▶ [Data shown]

· · · · ·

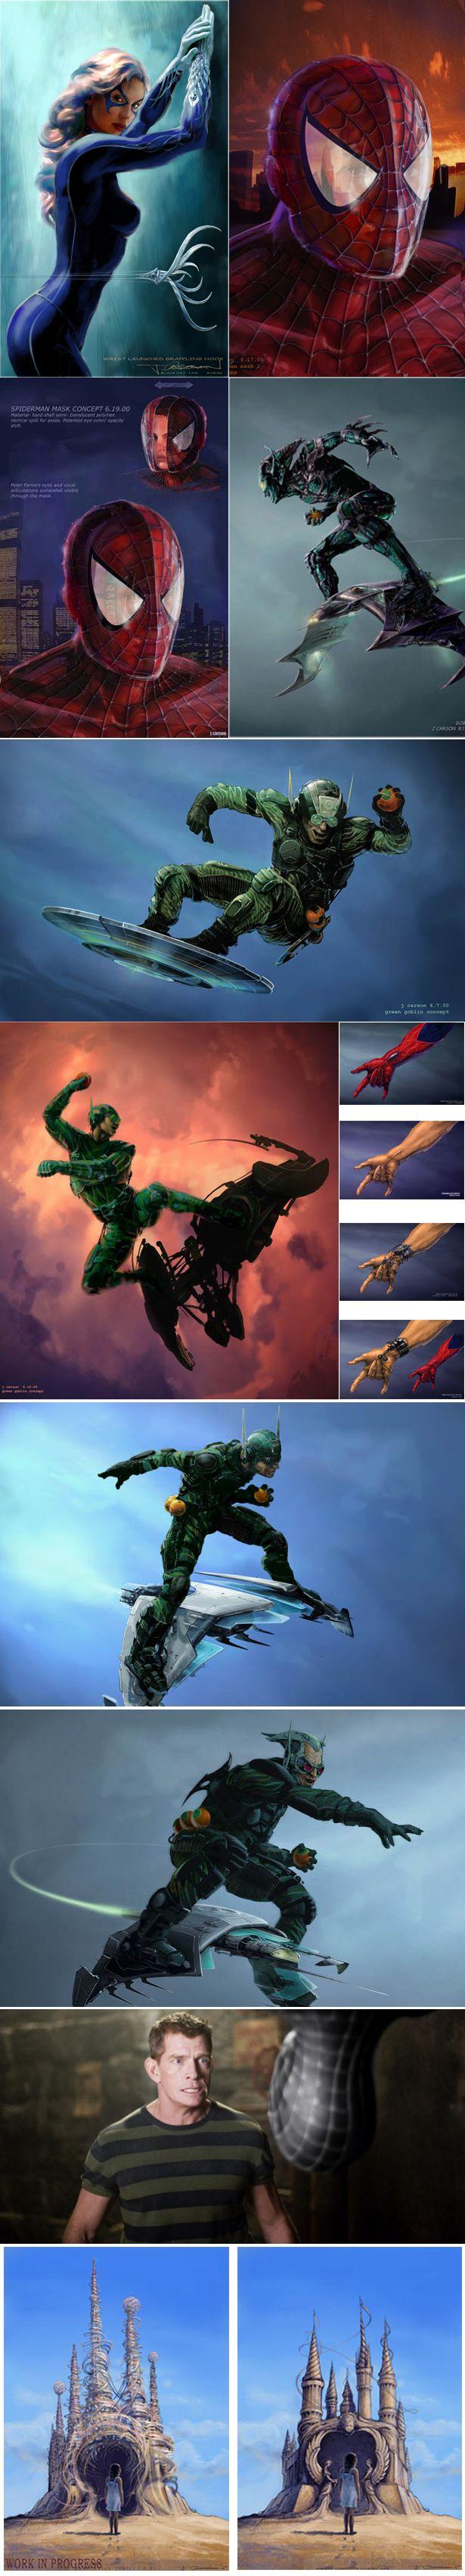 Homem-Aranha de Sam Raimi - Artes conceituais de Gata Negra e Duende Verde - Legião dos Heróis
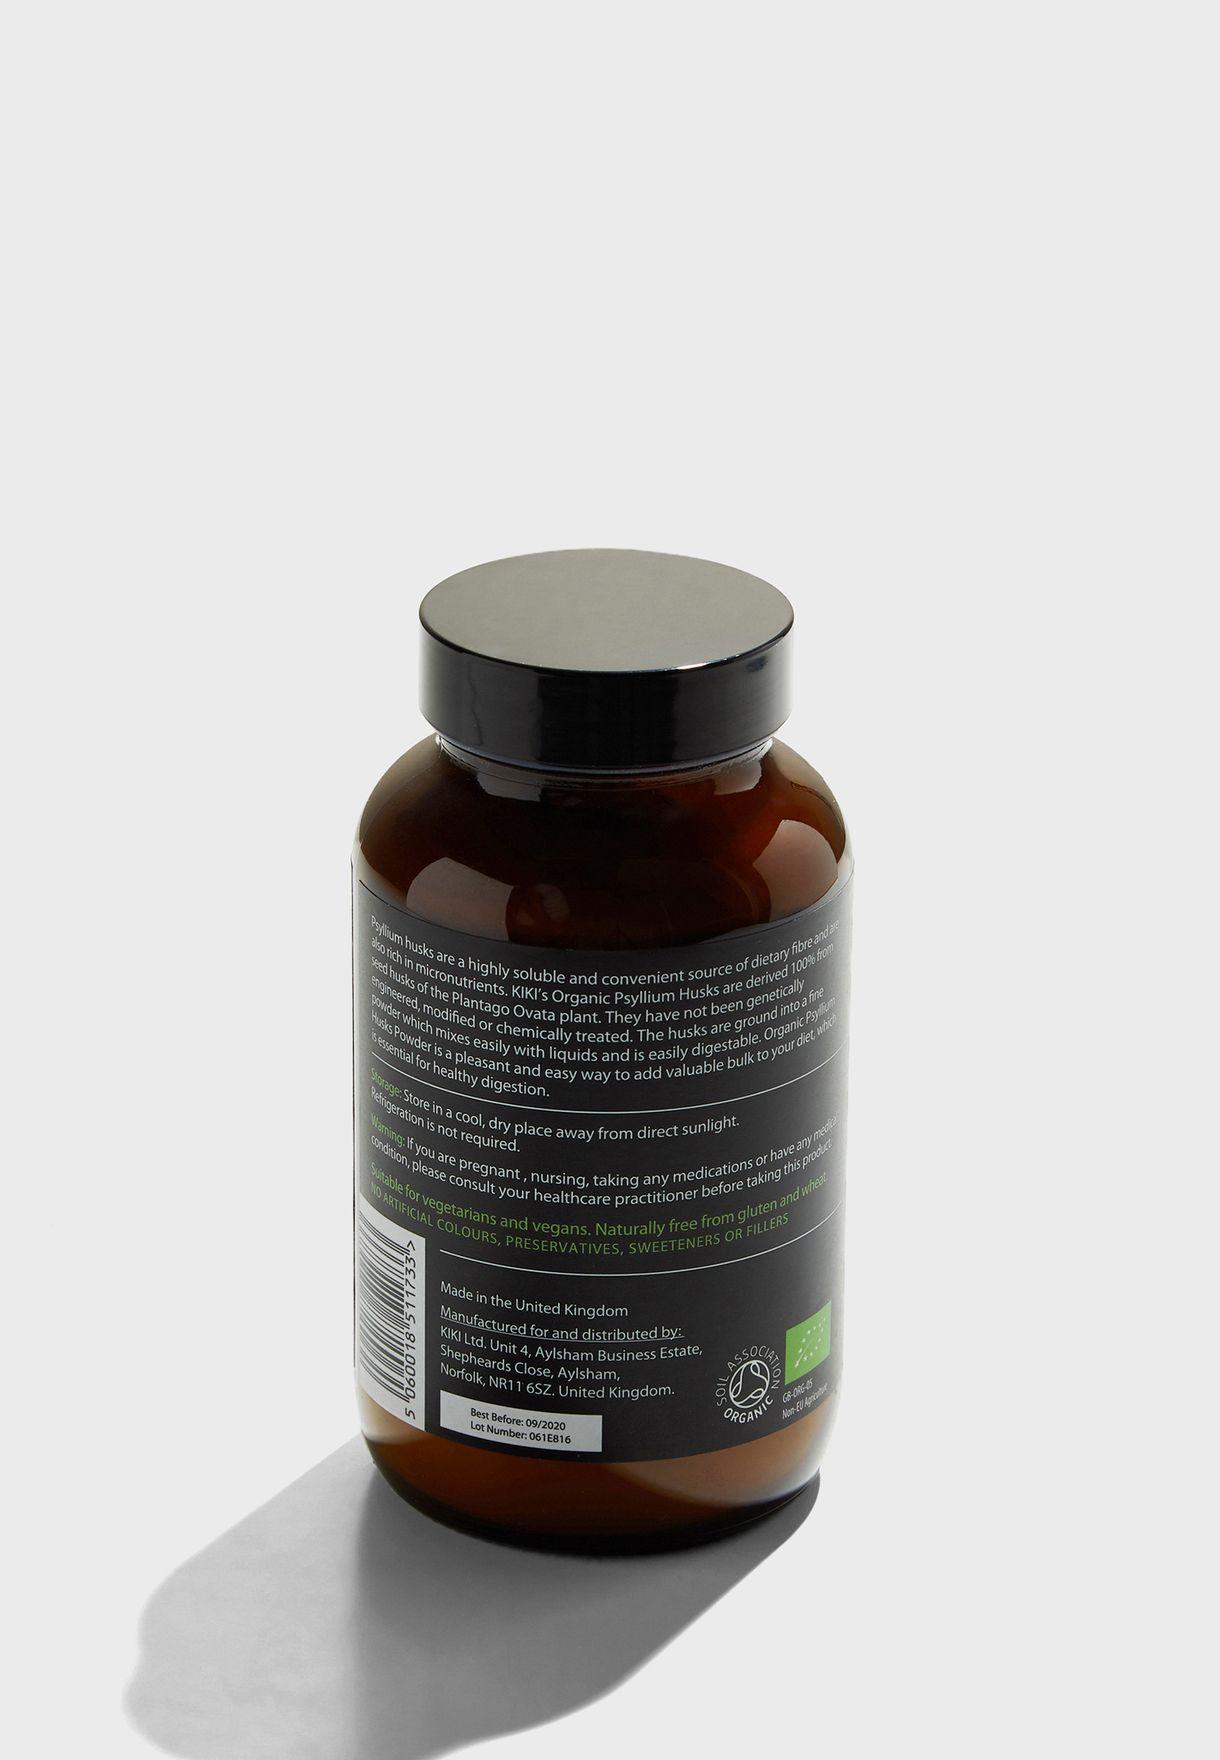 قشور سيلليوم عضوية - 275 جم
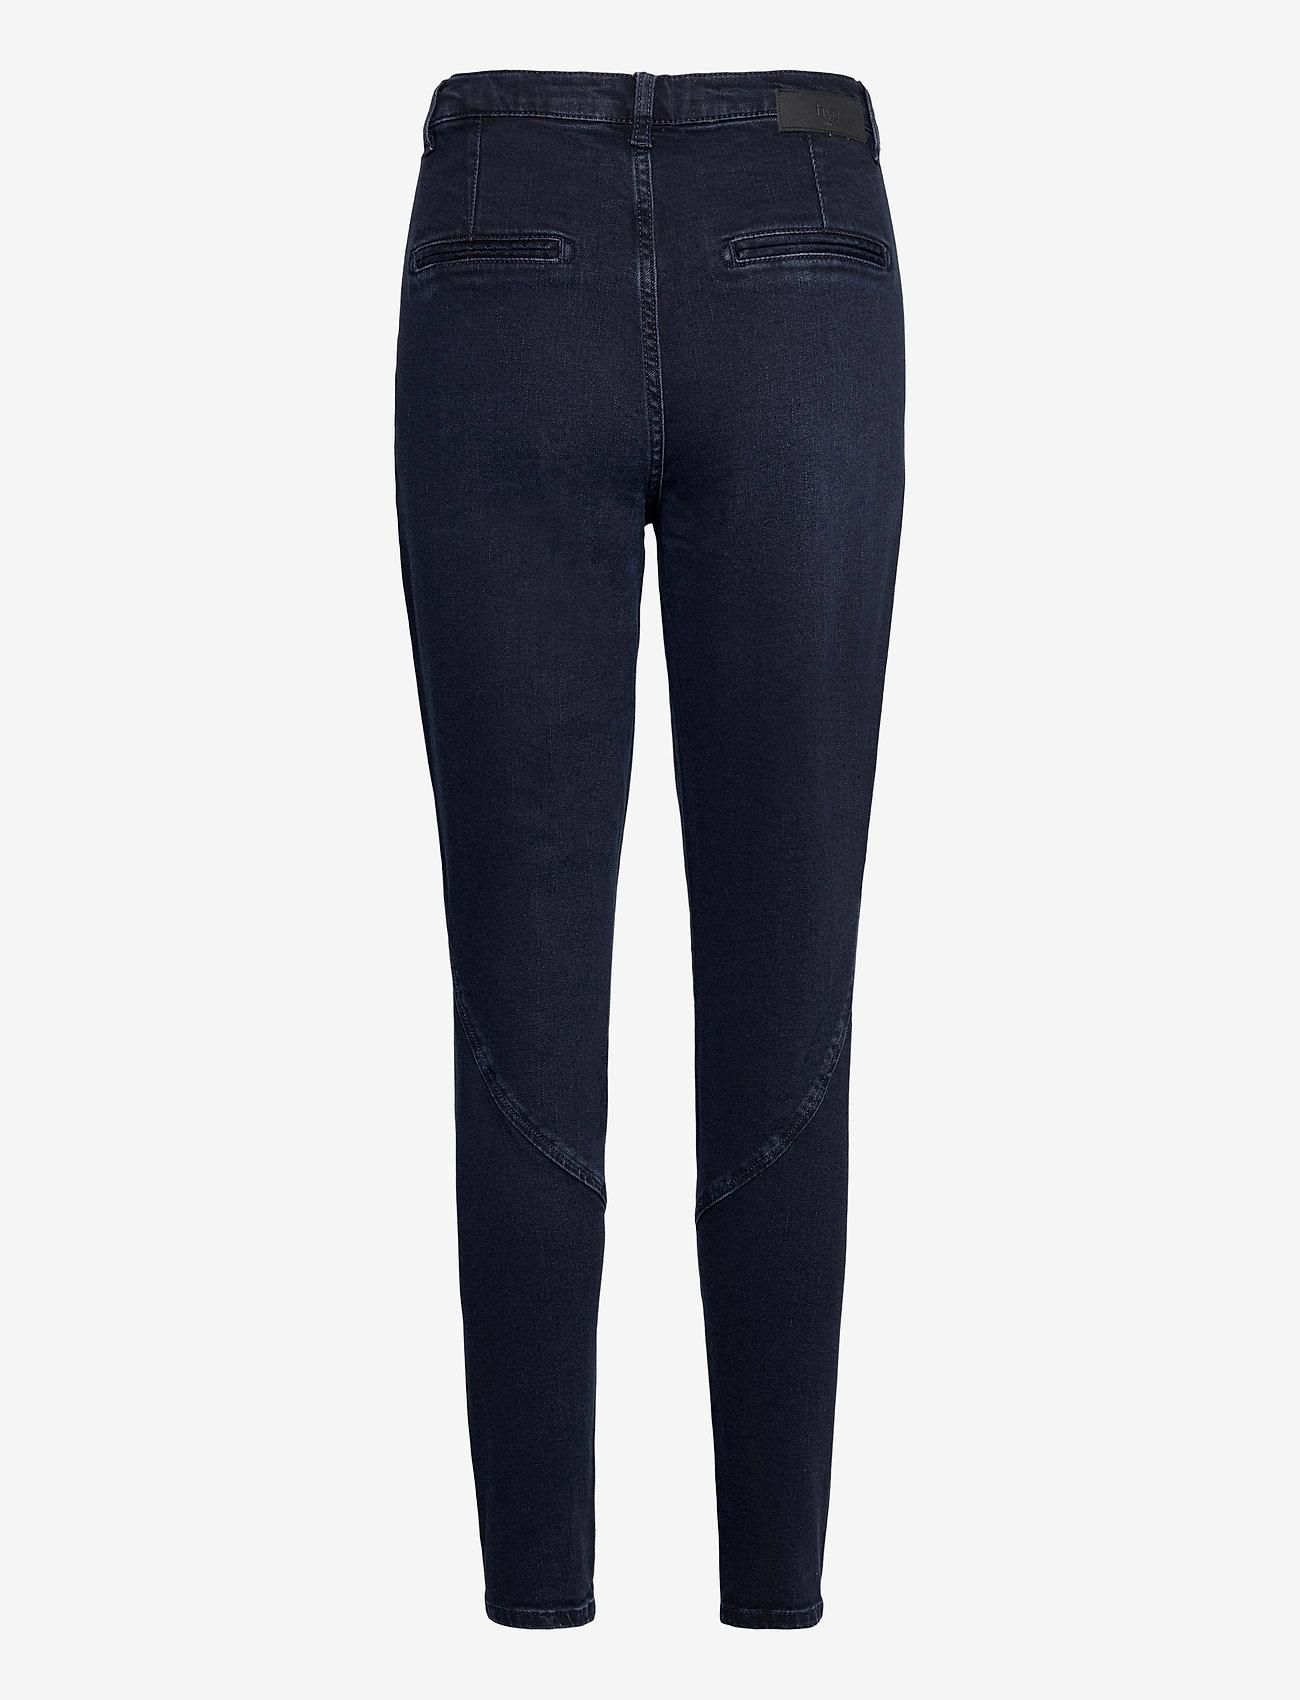 FIVEUNITS - Jolie 241 - slim jeans - pure blue auto - 1

· · · · ·

▶ [Work to complete] Write out the data exactly, but not its pictures.

▶ [Answer to this problem]
 Homem-Aranha de Sam Raimi - Artes conceituais de Gata Negra e Duende Verde - Legião dos Heróis
 قشور سيلليوم عضوية - 275 جم
 FIVEUNITS - Jolie 241 - slim jeans - pure blue auto - 1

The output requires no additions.